The Ballet of Optometry

For my birthday, my boyfriend surprised me with tickets to the Nutcracker. Unfortunately, it was probably a bigger surprise to him; he didn’t realize it was a ballet!

As the first act started, I watched the little mice dance around the house. I was amazed at how such little children can be so talented, and how they can remember all the dance moves they have to do. Of course, getting in front of five people for a presentation makes me feel sick, so I was never a performer. I started thinking about all the practice these dancers, young and old, must put into this show before opening night. Do they even have to think about what they are doing, or have they memorized it so well that they are tuned out to the fact that they are in front of hundreds of people?

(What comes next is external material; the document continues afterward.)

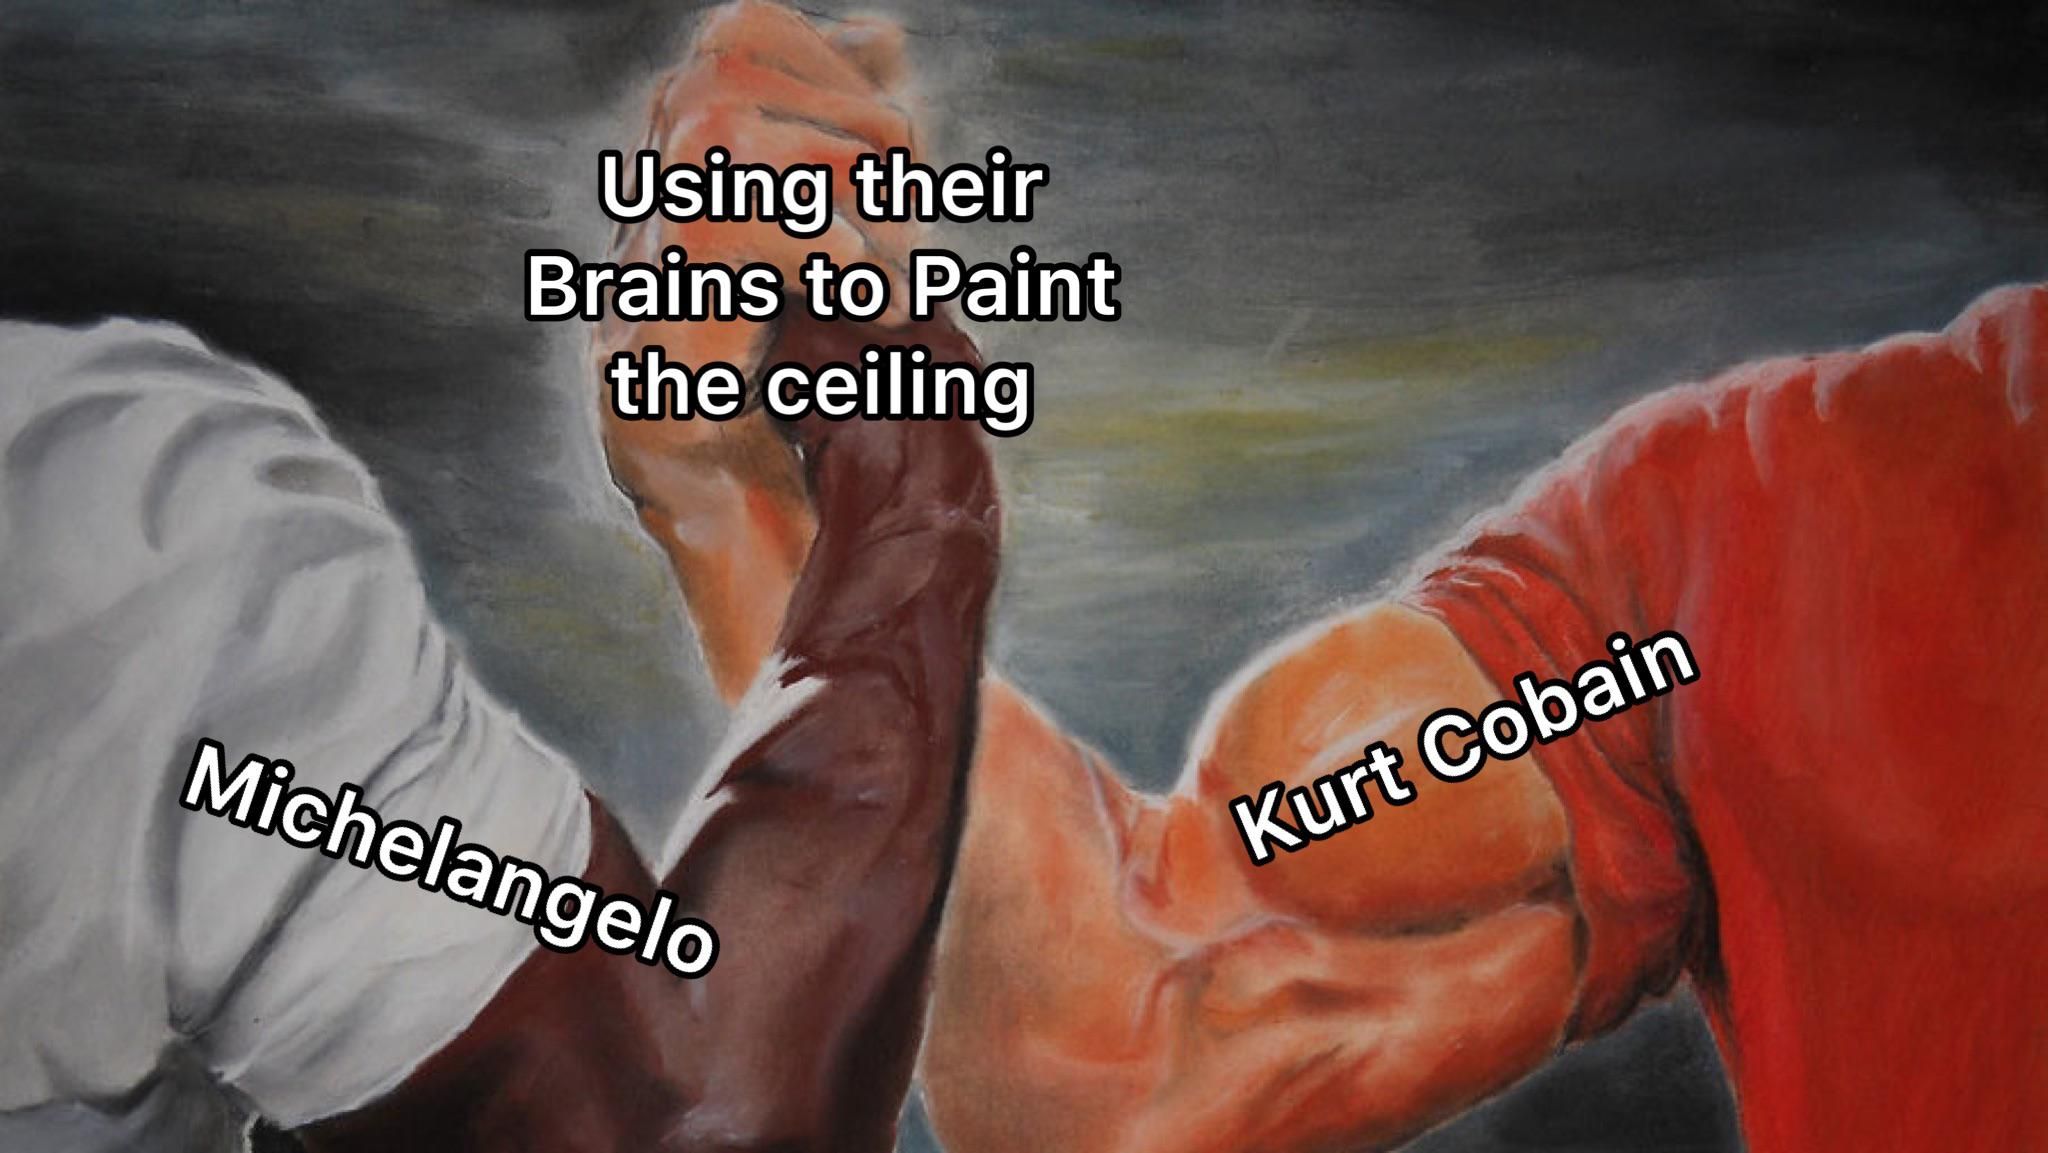 We need more music and art memes on this sub

These questions made me think about performing an eye exam. By no means is performing an eye exam as tiring as performing a ballet, but in a sense, we optometrists are doing a dance. I remember practicing for my entrance tests practical my first year at ICO. An older student told me to get into a routine, make a playlist of the exams, and by the time the practical happened, I wouldn’t even have to think of what to do next. He told me to group similar exams that use the same tools together, so that you have a more fluid movement and there are no awkward pauses for your patient.

This year, while practicing for the Slit Lamp Exam, it was the same thing. I made a routine, and had a more fluid way to perform the tasks. When I was in the middle of my panic attack (Don’t Panic) at the beginning of first year, I was worried that I would freeze in front of my patients (again, I am very shy,) but someone told me that I should think of it as acting. Some of the best actors have very bad anxiety and are shy. They told me to walk into the exam room and play the role of the doctor, and then when I left the exam room, I could be shy once again. As I’ve learned my “performance,” I’ve become more relaxed when performing the tasks. It has become much easier than when I first began.

Watching the Nutcracker reminded me that we aren’t so different from these dancers. While at school, we are learning the routine and practicing. We are learning what to do if we fall out of balance, and need to do a different test. Once we are in the real world, we will be performing for our patients every day. I think that we should remember we are just as amazing as those little mice (just maybe not as fit).